KARACHI, November 19 2024: In October, Pakistan’s current account balance recorded a surplus of $349 million, bringing the four-month figure for FY25 to a modest $218 million. This positive trend, while encouraging, comes against the backdrop of a fragile economy grappling with subdued growth and constrained international financing options.
Exports and Remittances Offer a Buffer
Despite an uptick in demand, robust exports and steady remittance inflows have played a critical role in maintaining the current account surplus. These inflows have partially offset the challenges posed by limited private international credit and investment, which remain key barriers to economic revival.
Challenges in Import Growth and Economic Expansion
Import volumes have stabilized in the $4.5–5 billion range over the past few months, aided by declining global commodity prices that are keeping dollar outflows in check. However, import quantities in key sectors continue to lag, reflecting broader challenges in the industrial and manufacturing landscape.

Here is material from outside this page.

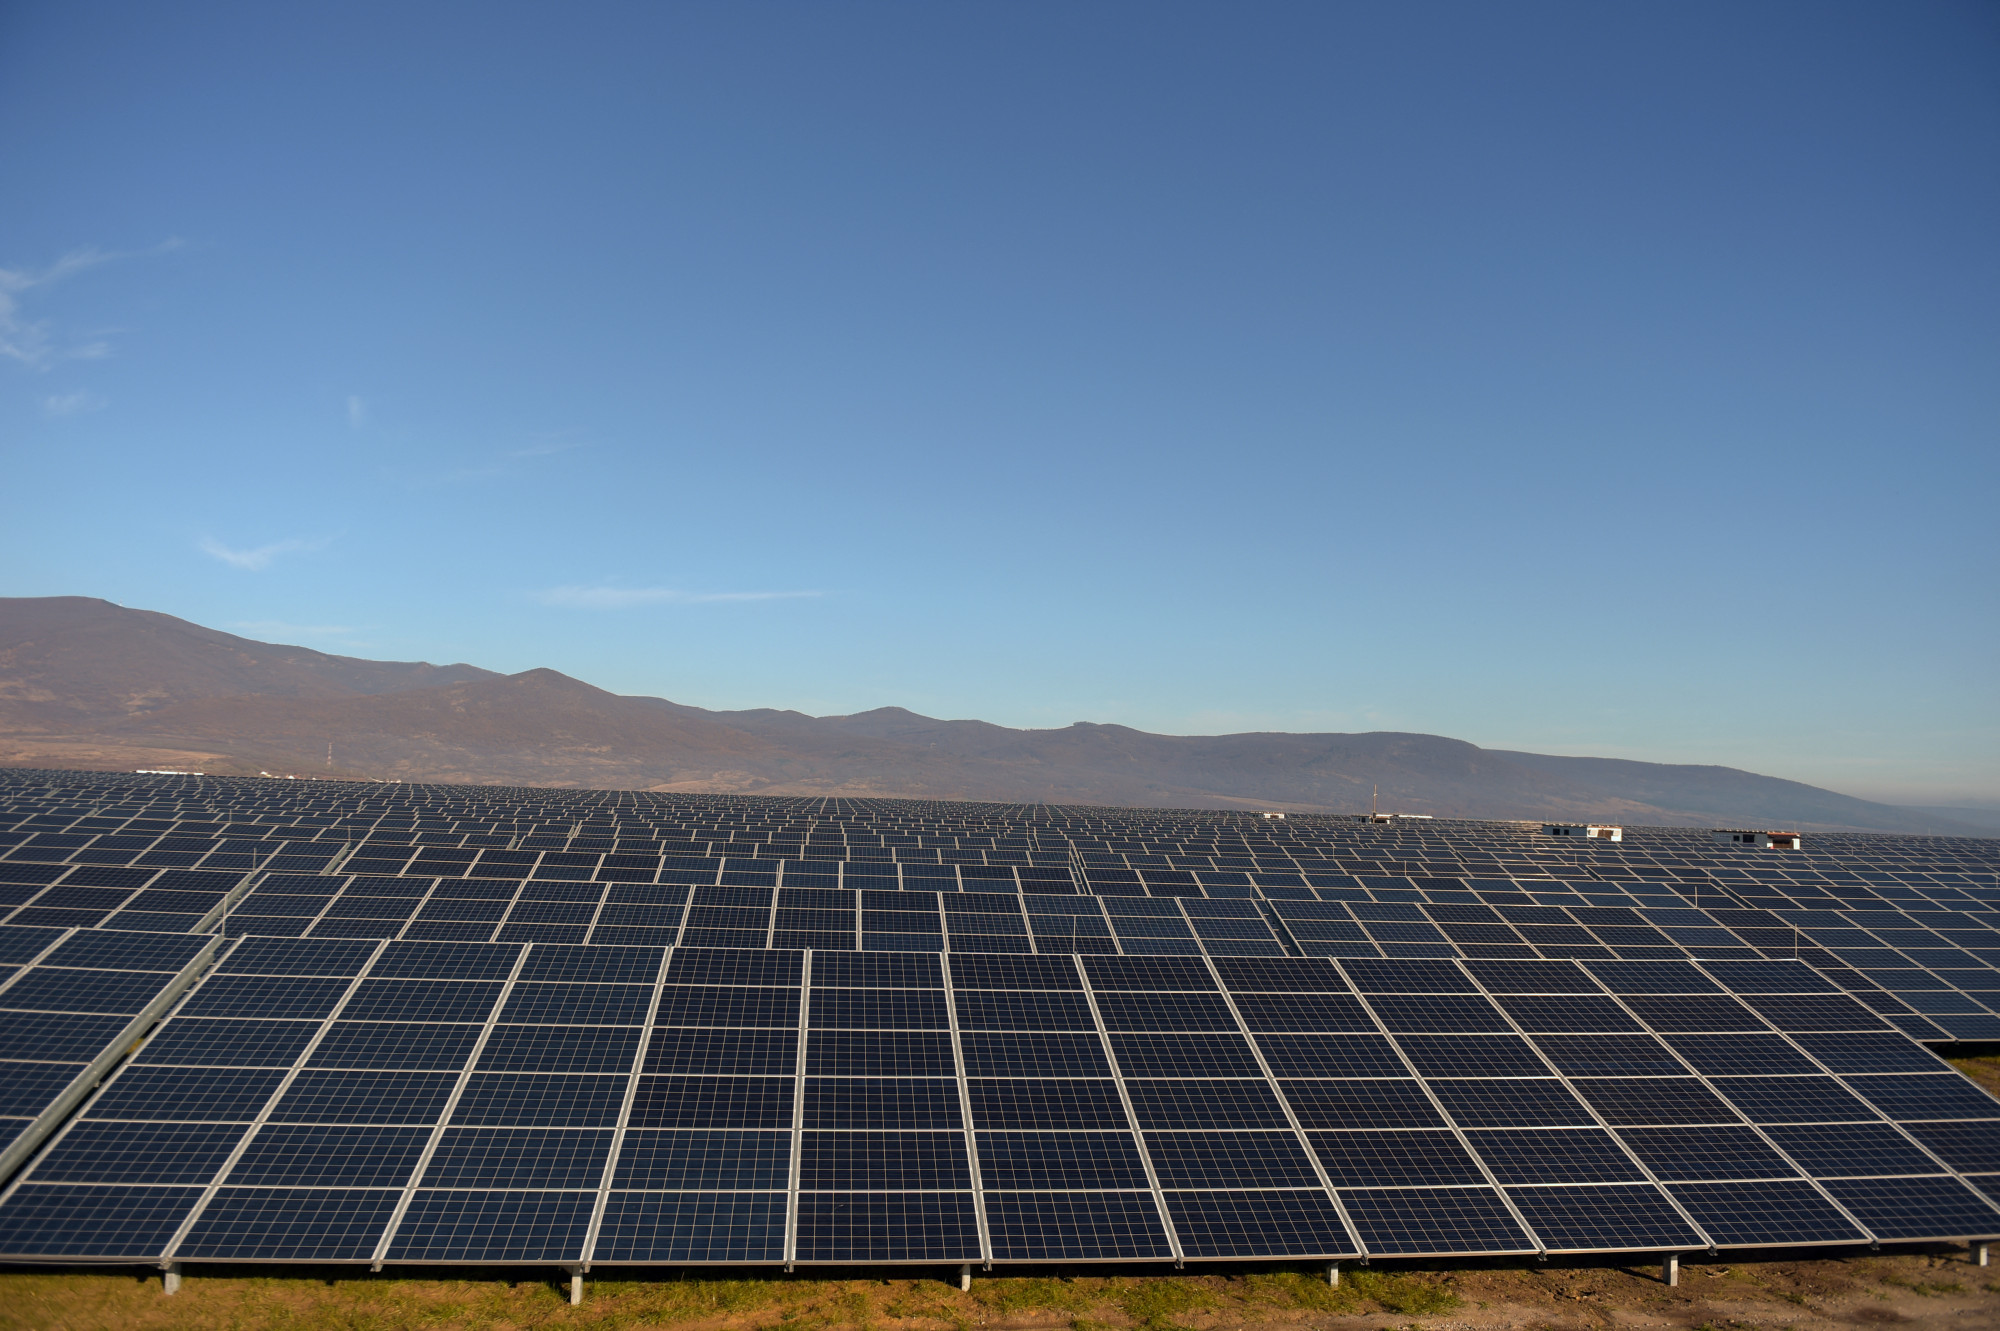 A visontai napelempark, amit a Mátrai Erőmű üzemeltet. Nem az ilyen nagyteljesítményű termelőkre vonatkozik az új szabályozás, hanem a kisebb, háztartási méretű napelemes rendszerek visszatáplálását szüntetik meg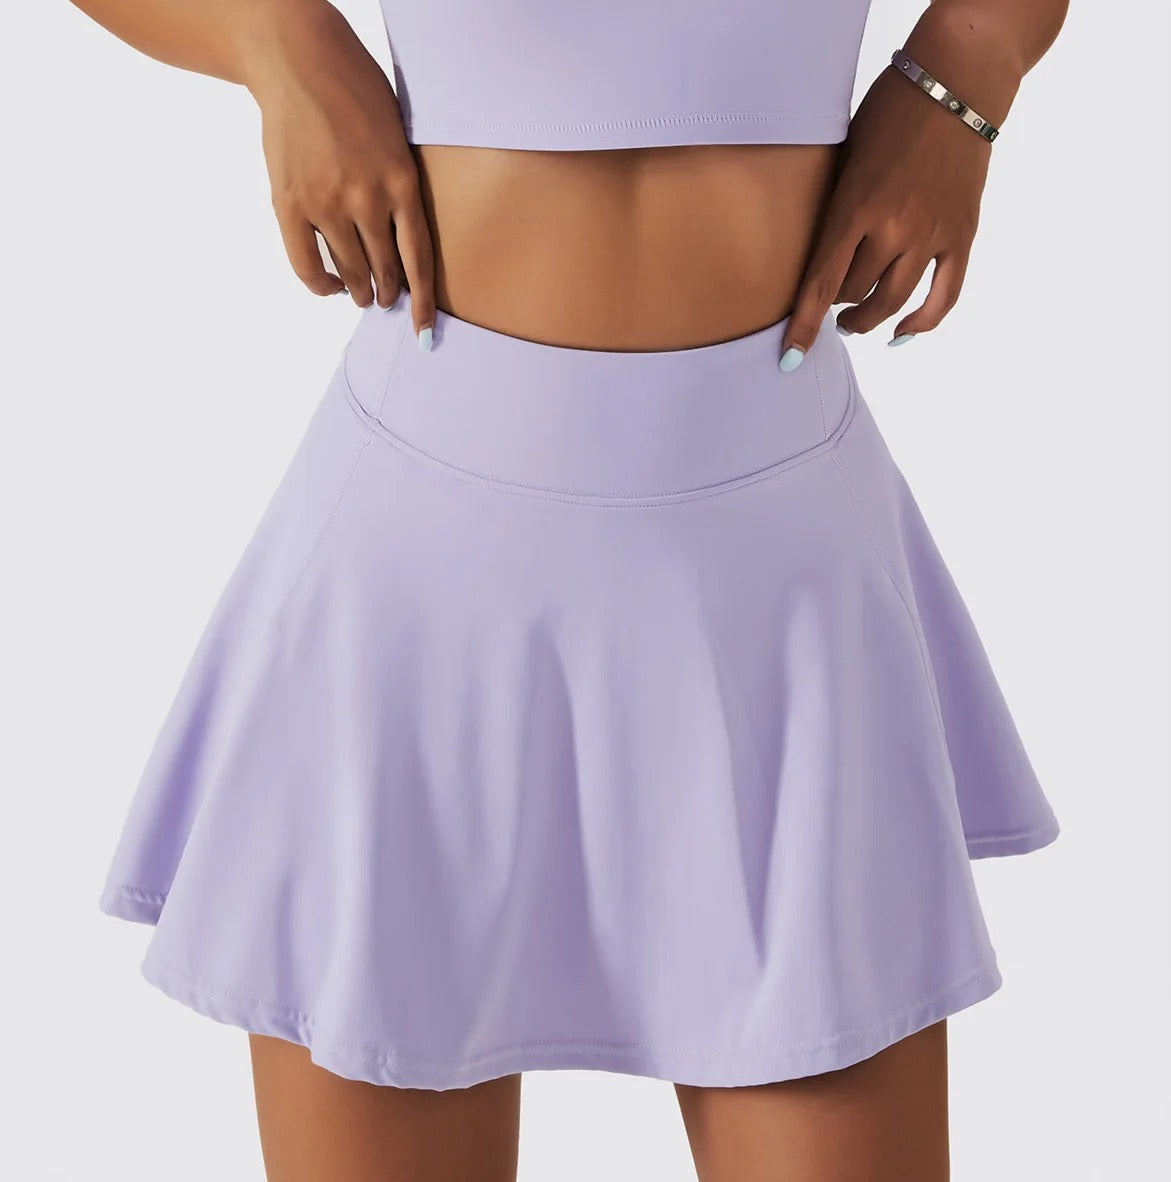 Skort Short-Lined Tennis - Golf Skirt - TBSW

With economic growth hovering below 3 percent, just enough to match population growth, the overall picture remains one of stagnation. Analysts point to sluggish performance in Large Scale Manufacturing (LSM) as a critical indicator, with persistent negative growth highlighting the struggles of Pakistan’s industrial base.
Economic Implications
The reliance on exports and remittances to drive economic activity underscores the urgent need for diversification and structural reforms. While the current account surplus provides short-term stability, experts caution that sustainable growth will require a significant turnaround in industrial output and a more dynamic approach to attract foreign investment.
As the country navigates these economic waters, the coming months will be crucial in determining whether Pakistan can leverage its current account position to build a more resilient economy or remain trapped in a cycle of low growth and limited opportunities.